### Task requirements:
All of the data is to be written out again exactly, without the pictures.

### Given data:
===

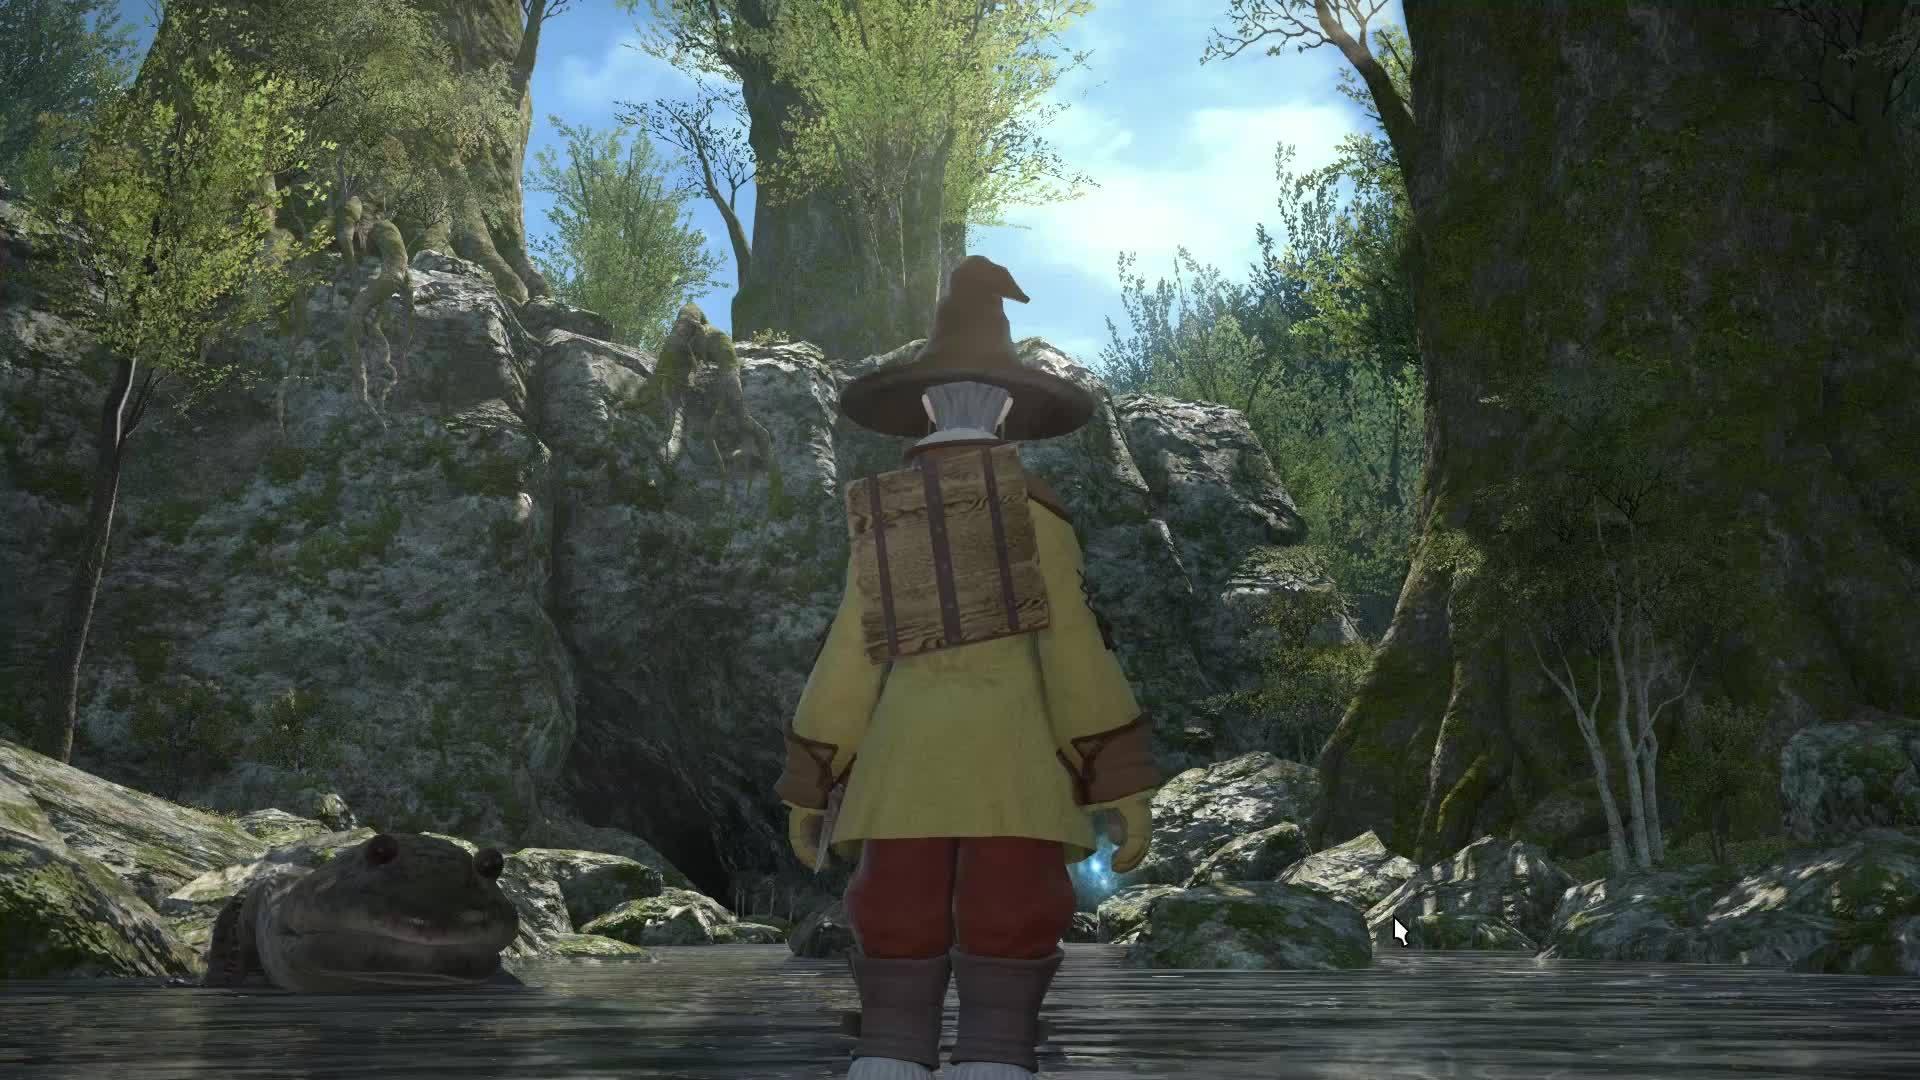 60fpsgaminggifs, [Final Fantasy XIV] The lighting, the environments, the character design... (reddit) GIFs
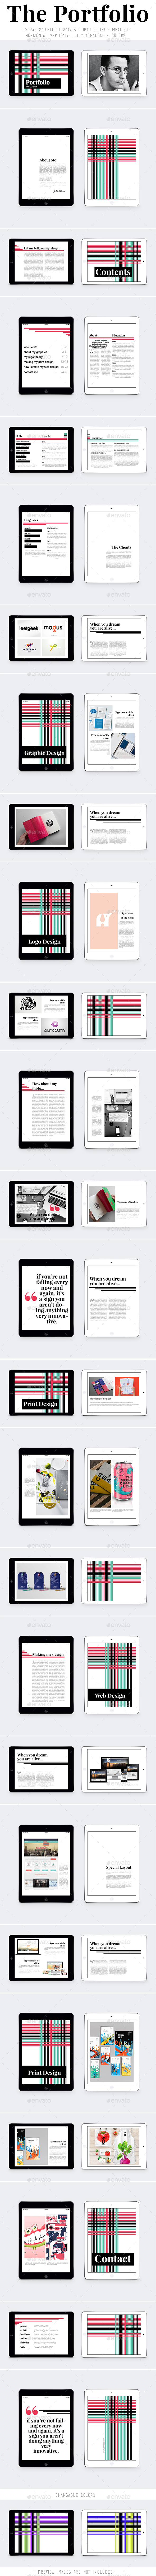 Ipad&Tablet The Portfolio - Digital Magazines ePublishing
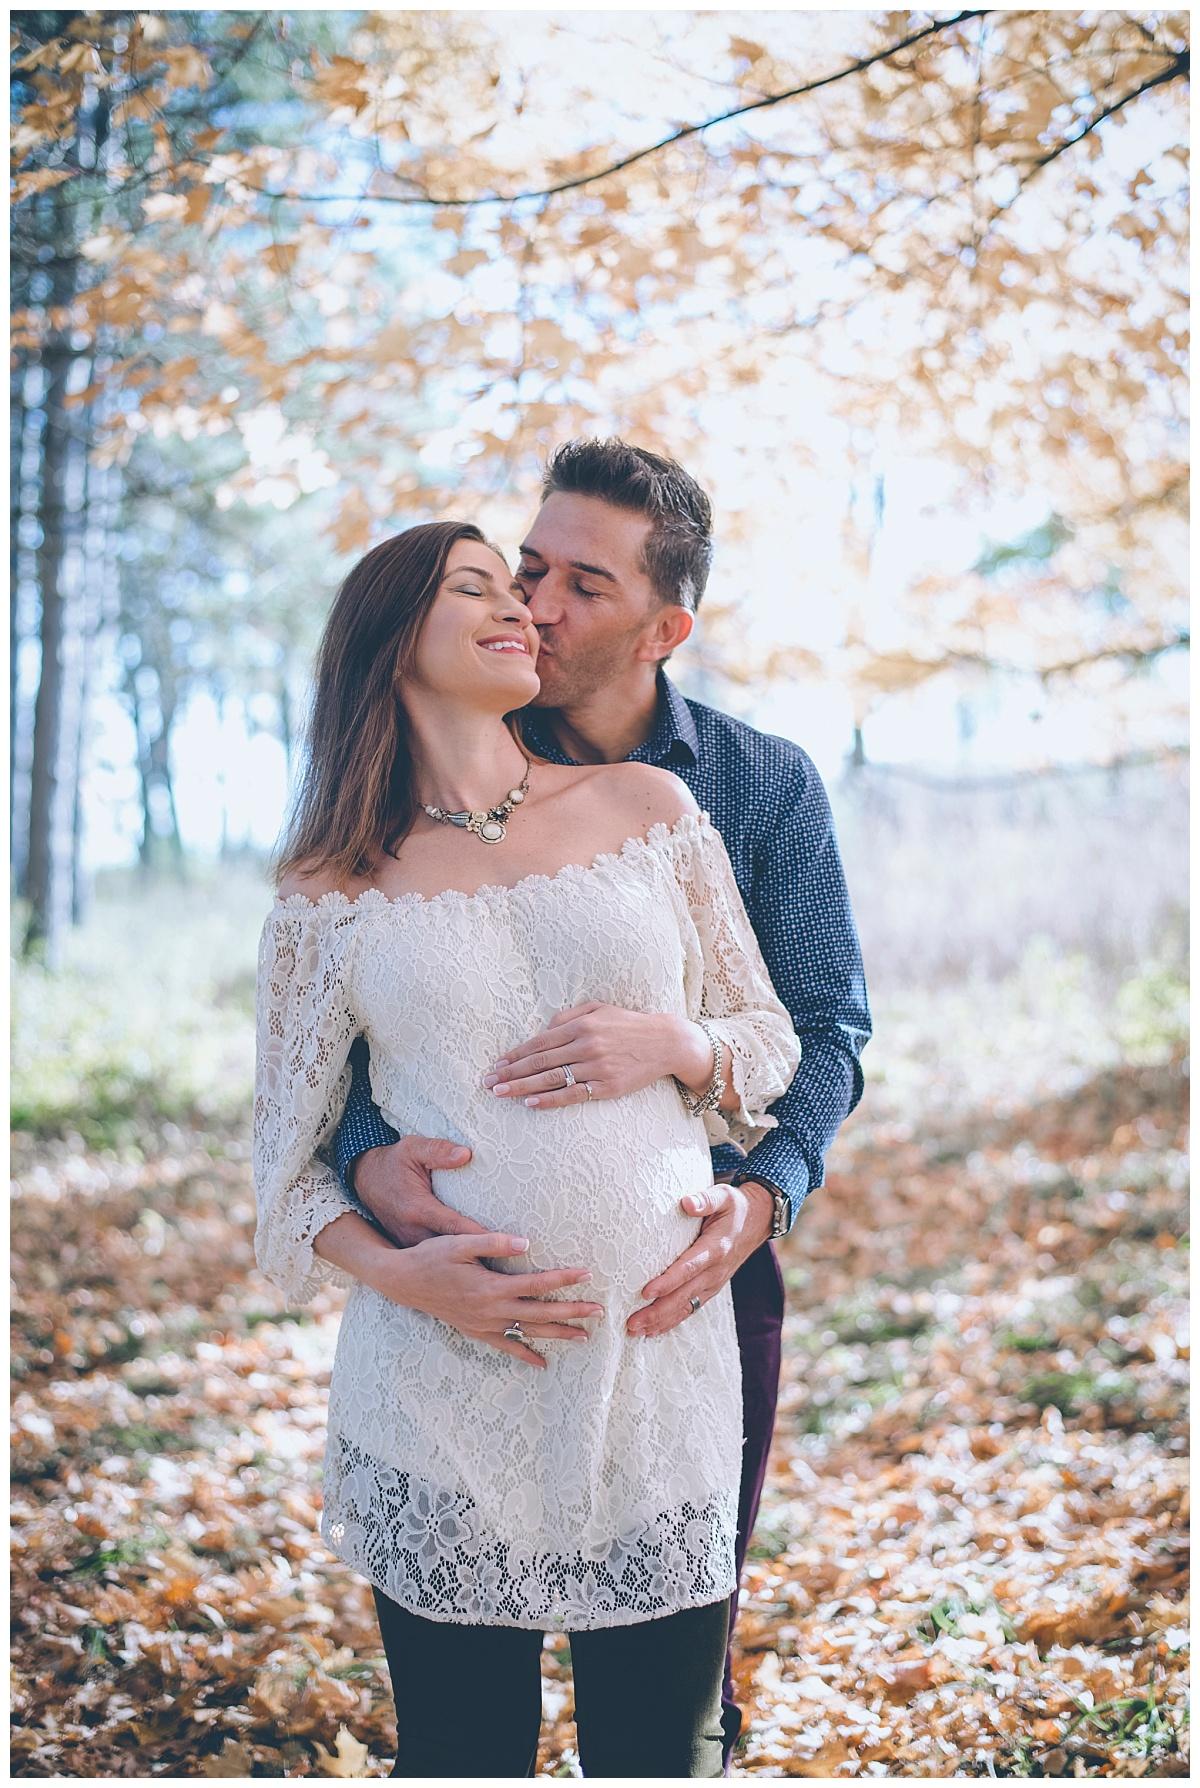 Milwaukee_Maternity_Photographer-8.jpg

===

### Solution to the problem:
 60fpsgaminggifs, [Final Fantasy XIV] The lighting, the environments, the character design... (reddit) GIFs
 Ipad&Tablet The Portfolio - Digital Magazines ePublishing
 Milwaukee_Maternity_Photographer-8.jpg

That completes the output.